Rodger Shanahan's piece on Australian uranium sales to the UAE makes a familiar argument about the moral price we must pay in order to sell our goods to odious regimes.

But he assumes that the moral dimension falls completely on one side: you can either do the right thing morally and your economic interests suffer, or you can serve mammon and let the rights and freedoms of the people whose government you are trading with go to hell.

But as Paul Keating said yesterday at the Hugh White book launch and as Hugh argues in his book, material progress is itself a moral good. Lifting hundreds of millions of Chinese people out of poverty, broadening their life choices, improving their health and education, improving their life expectancy, moving them out of manual subsistence labour: these are all advances in human freedom, and helping China achieve them is in part a moral choice, not just a self-serving economic one.
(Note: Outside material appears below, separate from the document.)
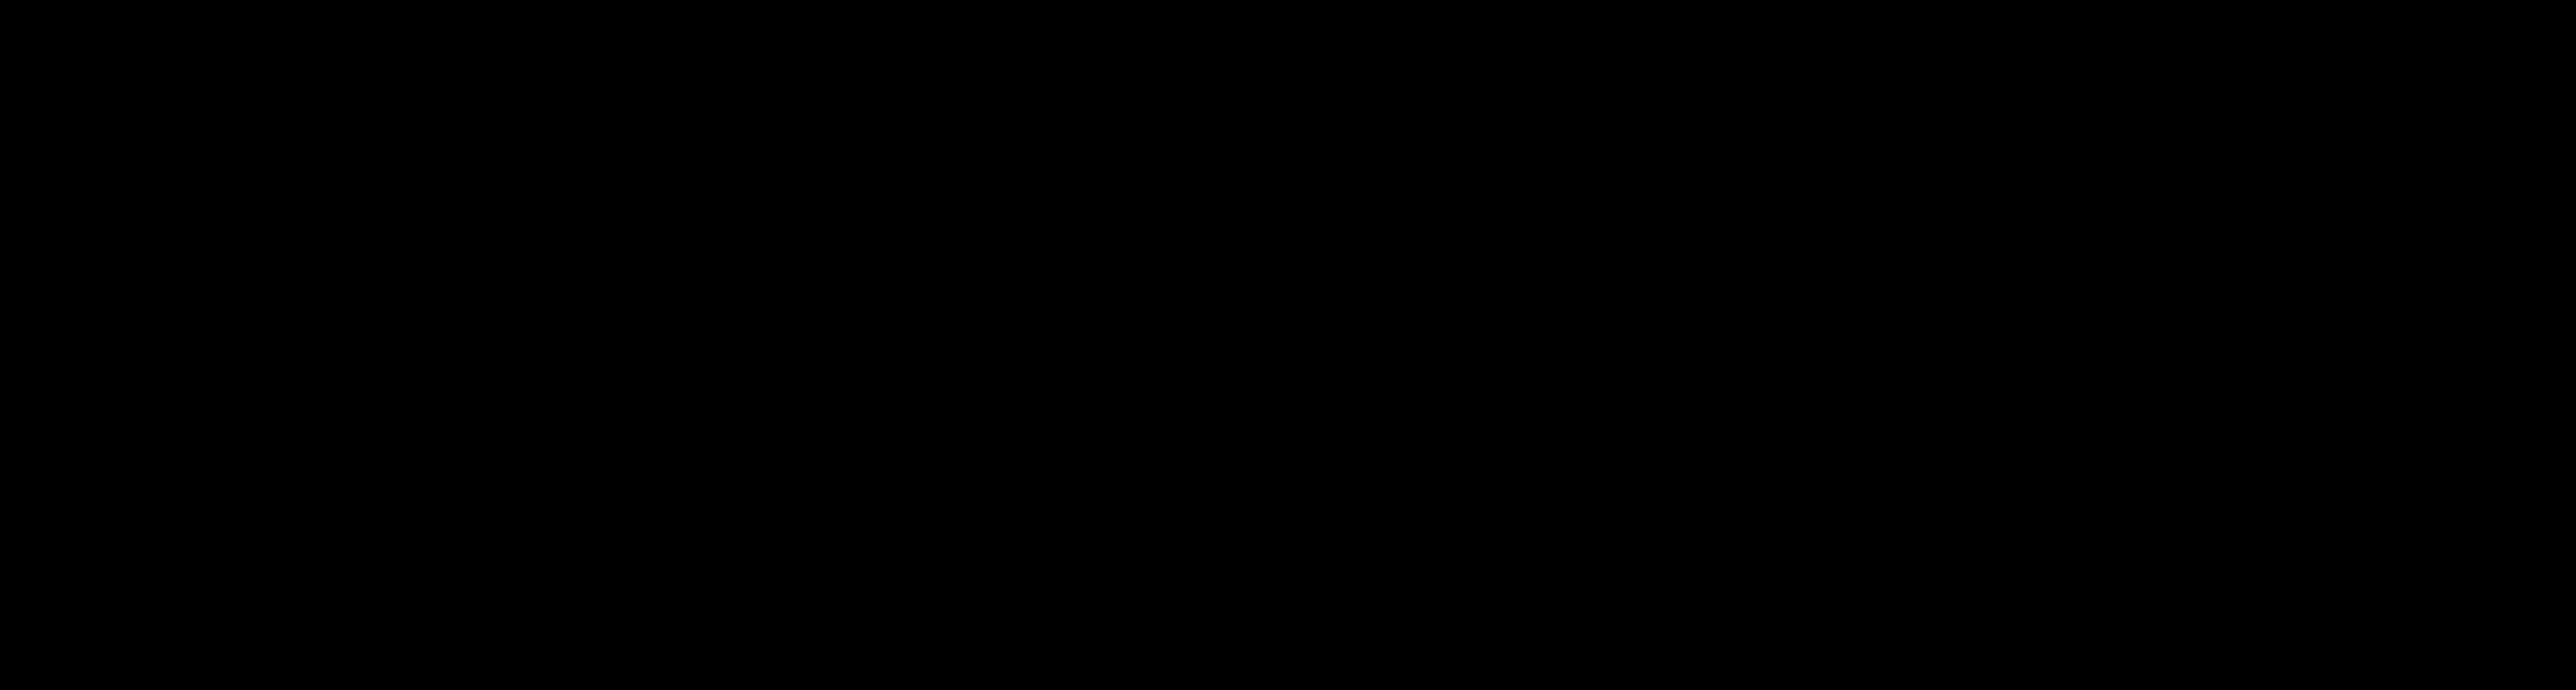 Dibenzocyclooctyne-PEG2-biotin conjugate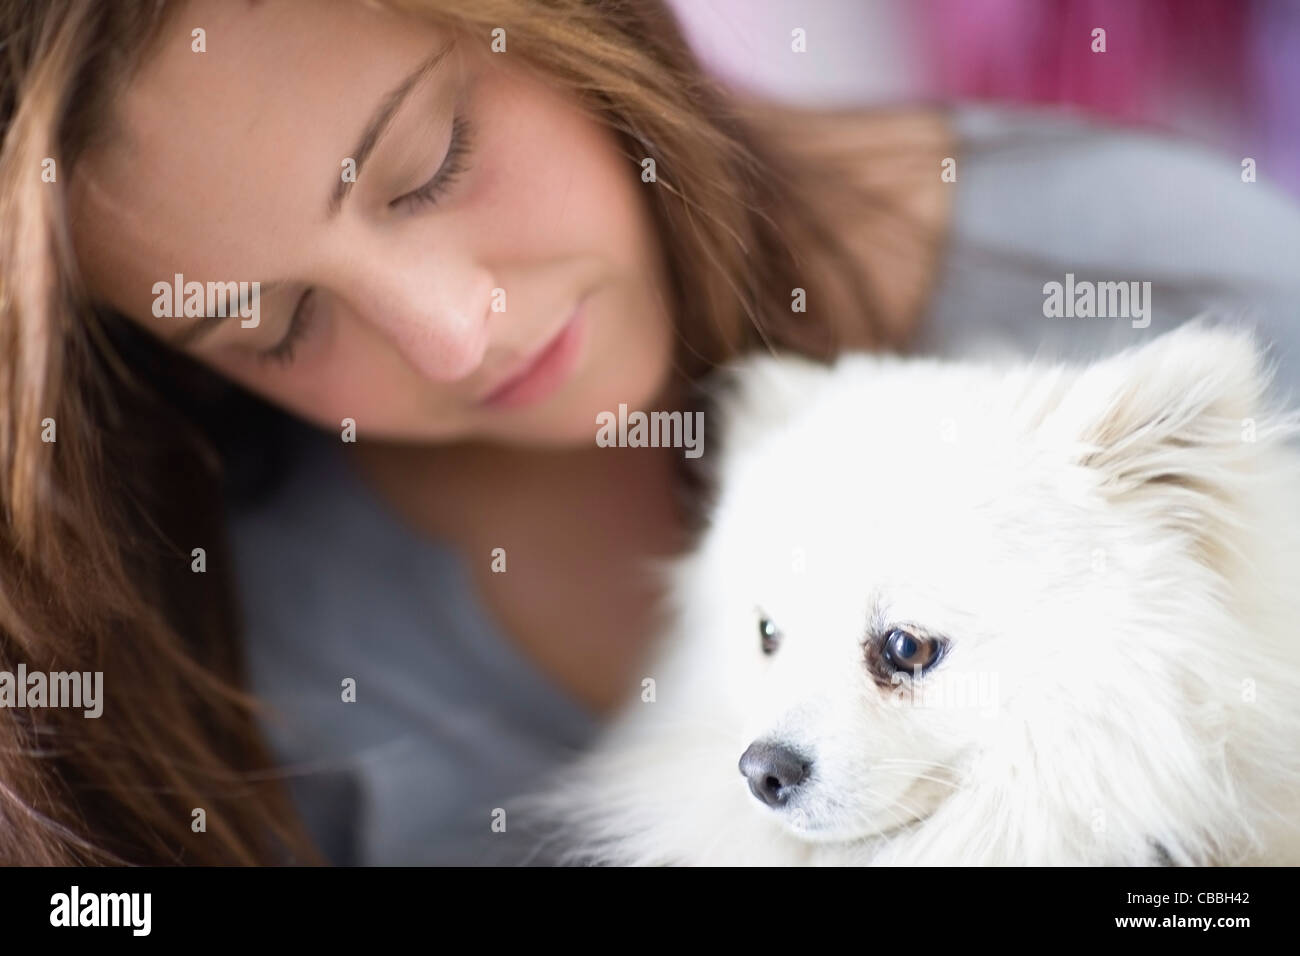 Teenage girl petting dog - Stock Image

In the case of the UAE, such arguments today carry less force, given that the country is already quite wealthy. But you might add to the moral calculus the good we are doing by helping the UAE move away from fossil fuels.

In dealing with China, we as a country have certainly had to censor ourselves over some of China's dreadful abuses of its own people. But what's the alternative? If Australia decided, on human rights grounds, not to trade with China, that would have a moral cost. The greater freedom we achieved to criticise China would come at the expense of China's growth, which would be retarded by our actions. That would lead to genuine suffering.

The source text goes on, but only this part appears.